2017-02-01T10:34:53.349Z cpu2:69134)nvme:nvmeCoreLogError:370:command failed: 0x43077bd73170.
2017-02-01T10:36:54.443Z cpu2:69040)nvme:nvmeCoreLogError:370:command failed: 0x43077bd73770
2017-02-01T16:18:36.497Z cpu1:68999)WARNING: ntg3-throttled: Ntg3XmitPktList:372: vmnic0:TX ring full (0)

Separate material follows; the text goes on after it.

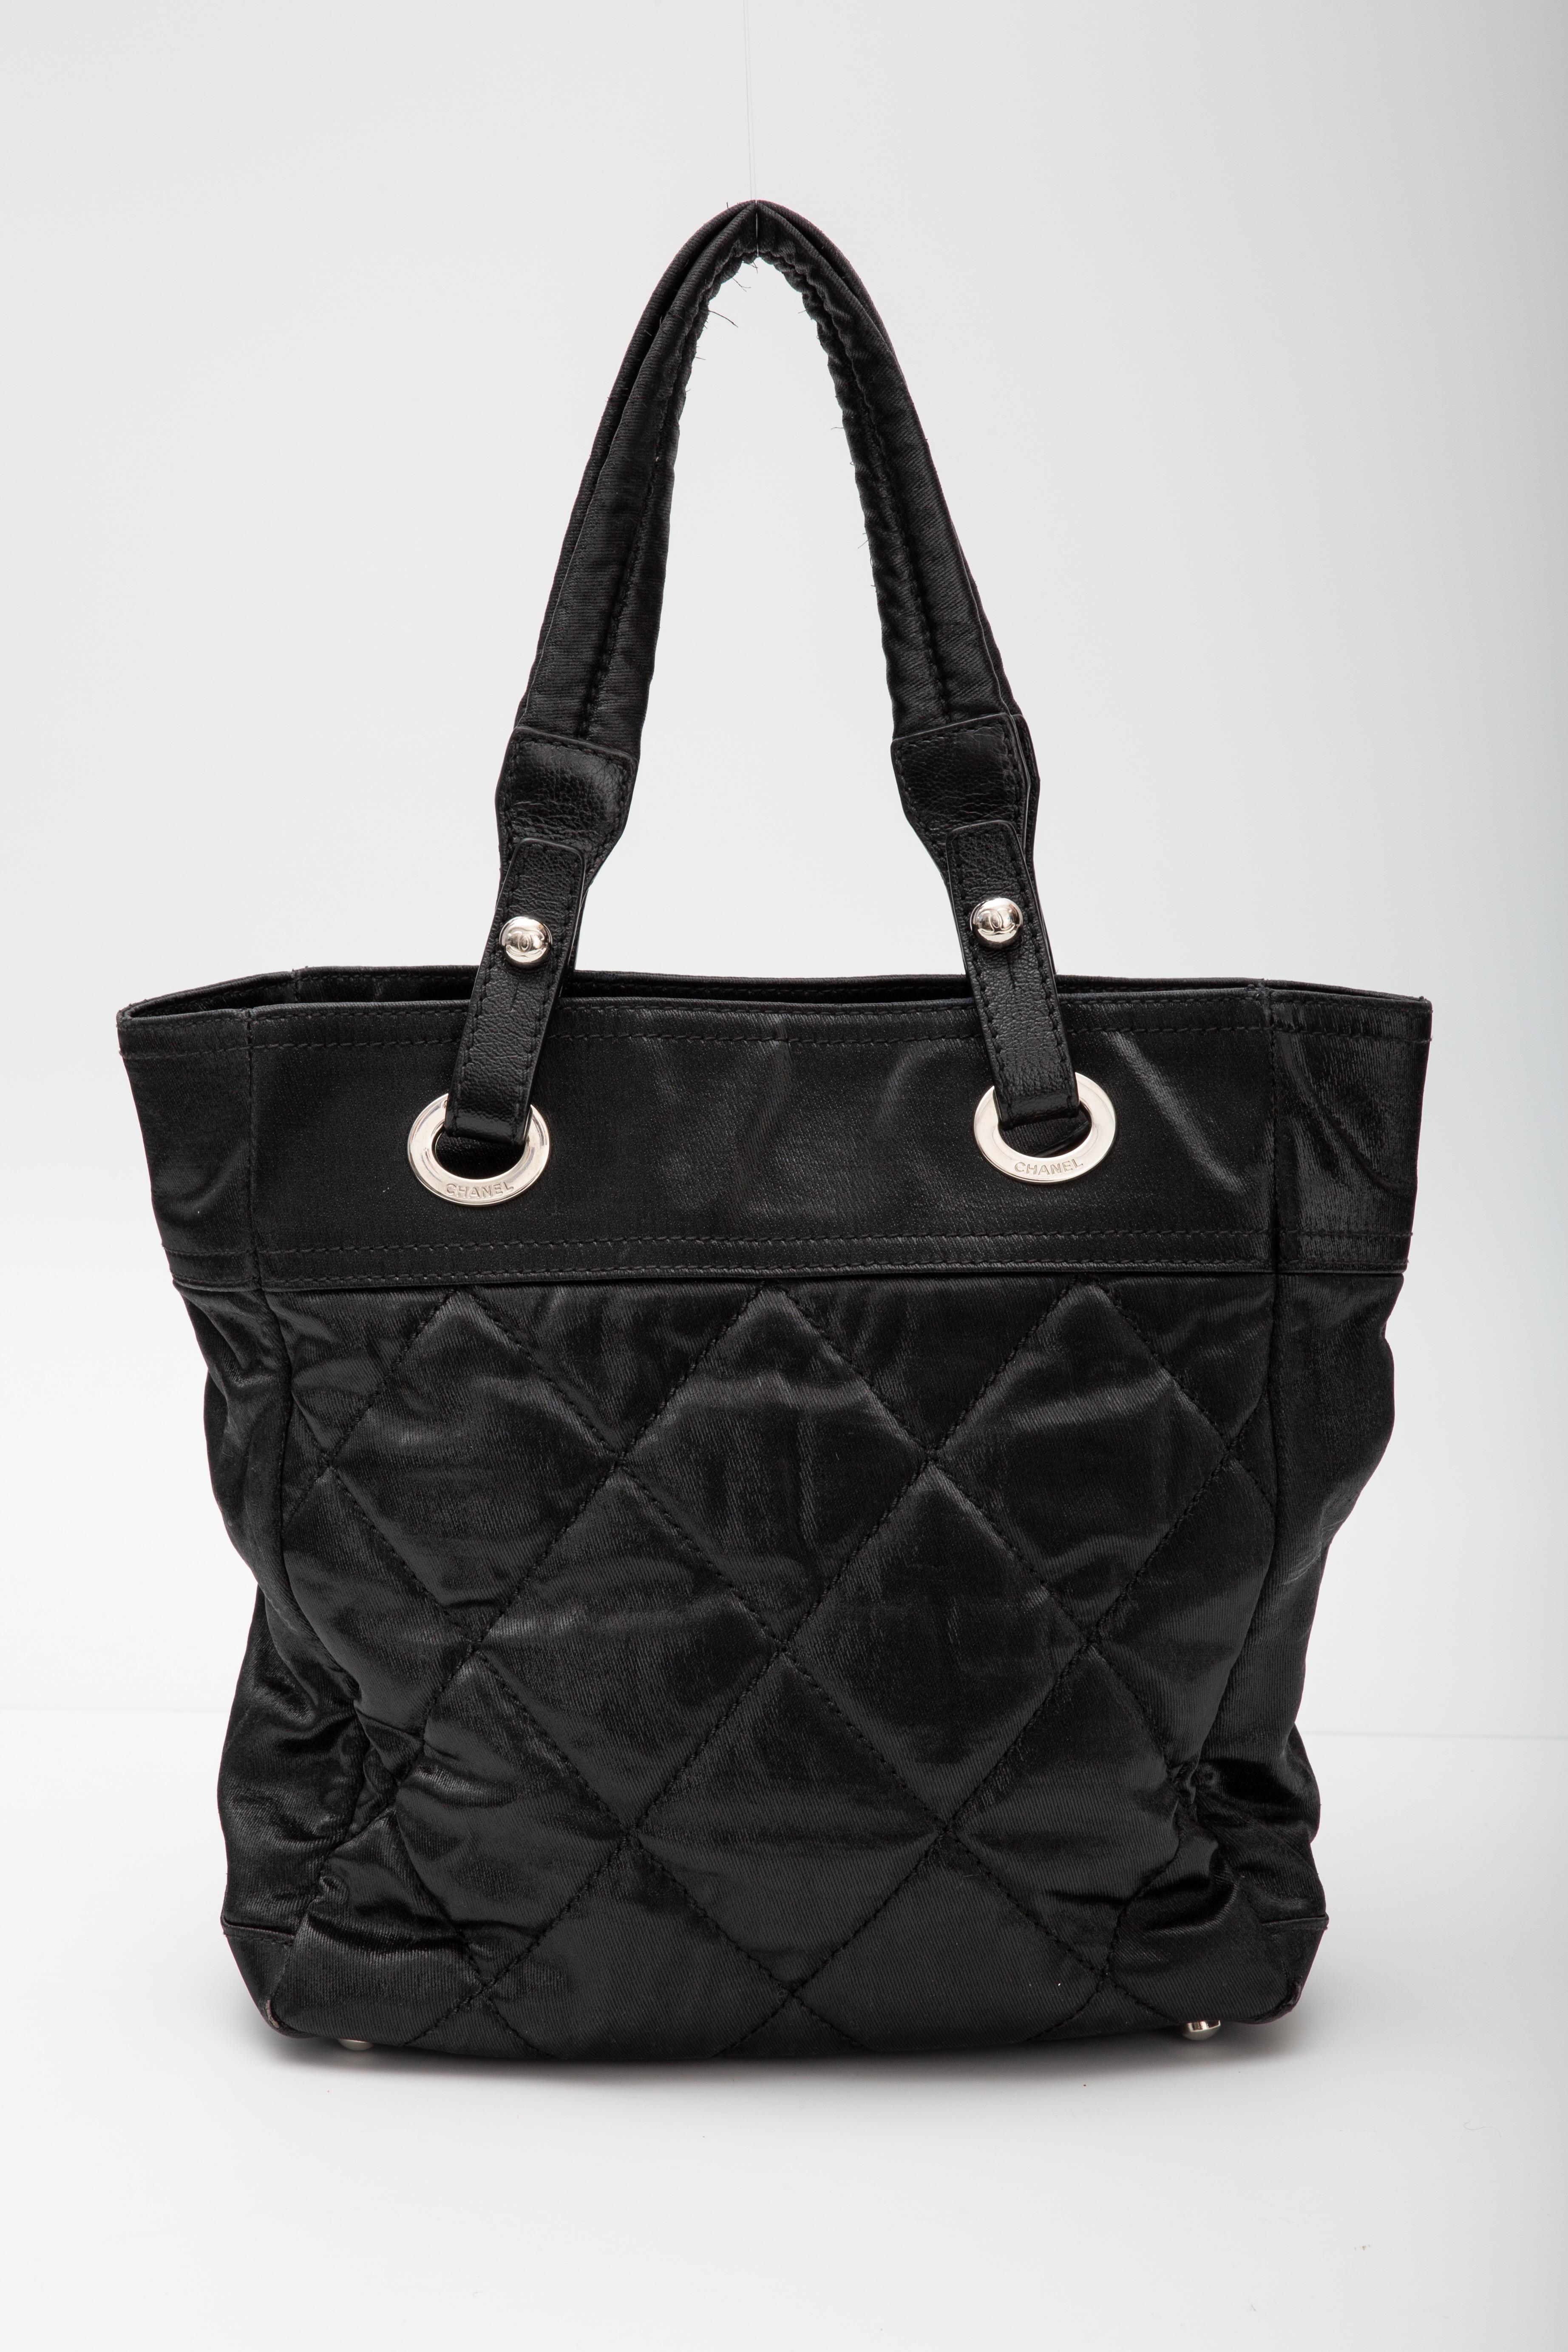 This Chanel tote bag is made of quilted nylon and is from the Spring/Summer 2007 Collection by Karl Lagerfeld. The bag features an interlocking CC Logo charm, a quilted pattern, silver-tone hardware, dual shoulder straps, protective feet at base 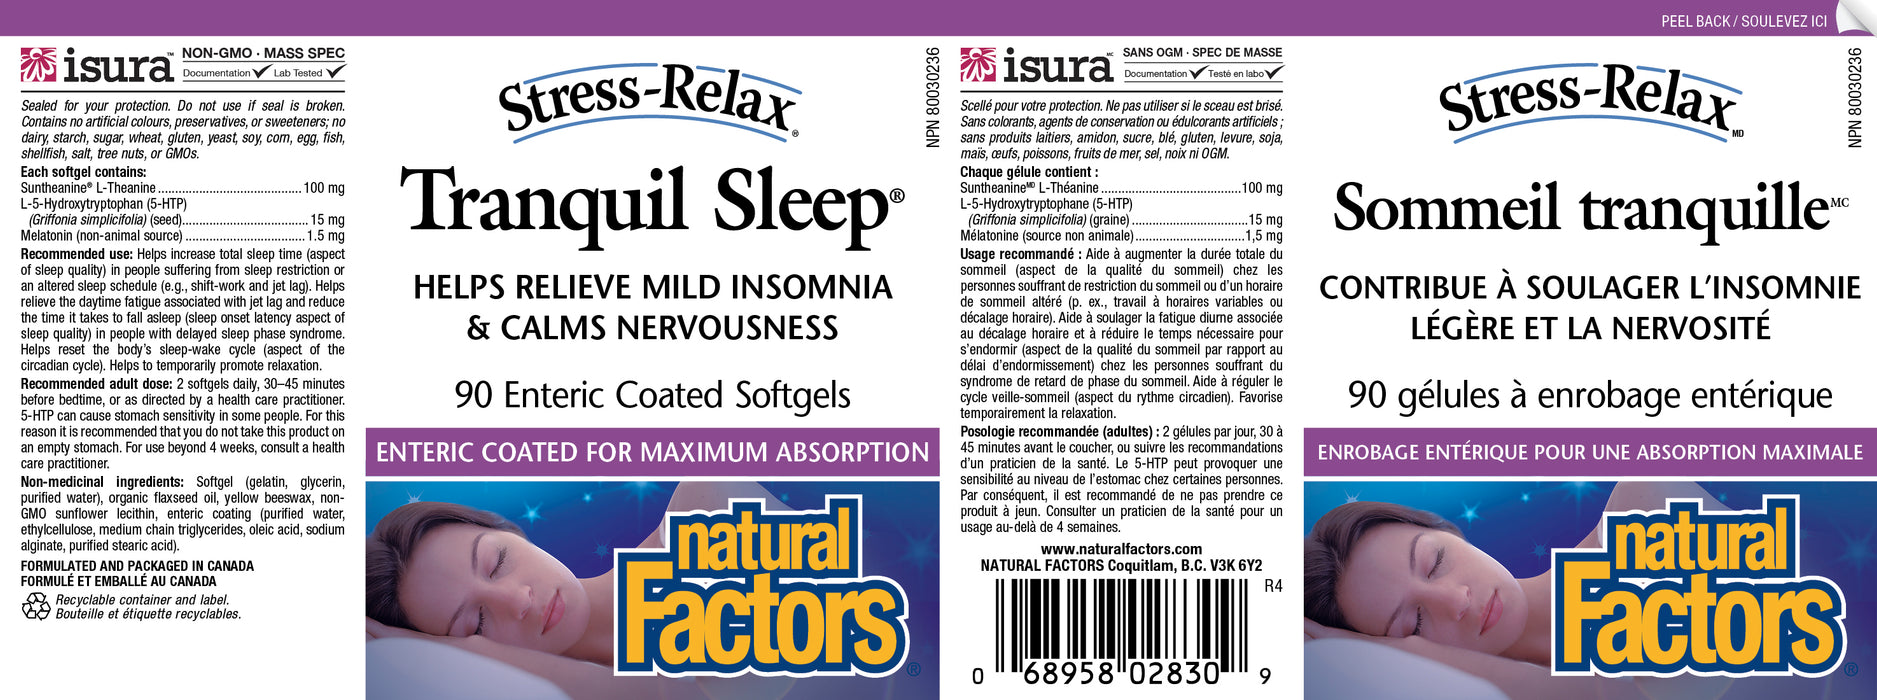 Natural Factors Stress-Relax Tranquil Sleep 90 Enteric Coated Softgels

2017-02-01T16:18:45.193Z cpu22:65645)ntg3:vmnic0:Ntg3UplinkReset:665:Ntg3UplinkReset
2017-02-01T16:18:45.193Z cpu22:65645)ntg3:vmnic0:Ntg3UplinkQuiesceIO:647:Ntg3UplinkQuiesceIO
2017-02-01T16:18:45.193Z cpu22:65645)ntg3:vmnic0:Ntg3UplinkStartIO:623:Ntg3UplinkStartIO
2017-02-01T16:18:55.193Z cpu21:65645)ntg3:vmnic0:Ntg3UplinkReset:665:Ntg3UplinkReset
2017-02-01T16:18:55.193Z cpu21:65645)ntg3:vmnic0:Ntg3UplinkQuiesceIO:647:Ntg3UplinkQuiesceIO
2017-02-01T16:18:55.193Z cpu21:65645)ntg3:vmnic0:Ntg3UplinkStartIO:623:Ntg3UplinkStartIO
2017-02-01T16:19:05.195Z cpu21:65645)ntg3:vmnic0:Ntg3UplinkReset:665:Ntg3UplinkReset
2017-02-01T16:19:05.195Z cpu21:65645)ntg3:vmnic0:Ntg3UplinkQuiesceIO:647:Ntg3UplinkQuiesceIO
2017-02-01T16:19:05.195Z cpu21:65645)ntg3:vmnic0:Ntg3UplinkStartIO:623:Ntg3UplinkStartIO
2017-02-01T15:50:50.684Z cpu9:68980)WARNING: NetPort: 1932: failed to disable port 0x2000005 on vSwitch0: Busy
2017-02-01T15:50:50.684Z cpu9:68980)NetSched: 701: 0x2000002: received a force quiesce for port 0x2000005, dropped 727 pkts
2017-02-01T15:50:50.685Z cpu9:68980)NetPort: 1879: disabled port 0x2000005
2017-02-01T15:50:50.688Z cpu9:68980)Vmxnet3: 17265: Disable Rx queuing; queue size 256 is larger than Vmxnet3RxQueueLimit limit of 64.
2017-02-01T15:50:50.688Z cpu9:68980)Vmxnet3: 17623: Using default queue delivery for vmxnet3 for port 0x2000005
2017-02-01T15:50:50.688Z cpu9:68980)NetPort: 1660: enabled port 0x2000005 with mac 00:50:56:a4:3e:25
2017-02-01T15:50:50.699Z cpu9:68980)NetPort: 1879: disabled port 0x2000005
2017-02-01T15:50:50.701Z cpu9:68980)Vmxnet3: 17265: Disable Rx queuing; queue size 256 is larger than Vmxnet3RxQueueLimit limit of 64.
2017-02-01T15:50:50.701Z cpu9:68980)Vmxnet3: 17623: Using default queue delivery for vmxnet3 for port 0x2000005
2017-02-01T15:50:50.701Z cpu9:68980)NetPort: 1660: enabled port 0x2000005 with mac 00:50:56:a4:3e:25
2017-02-01T15:50:56.216Z cpu0:68971)WARNING: ntg3-throttled: Ntg3XmitPktList:372: vmnic0:TX ring full (0)
when I restart the box, all goes fine again for sometimes 1 day, 1 week... unclear... somebody an idea?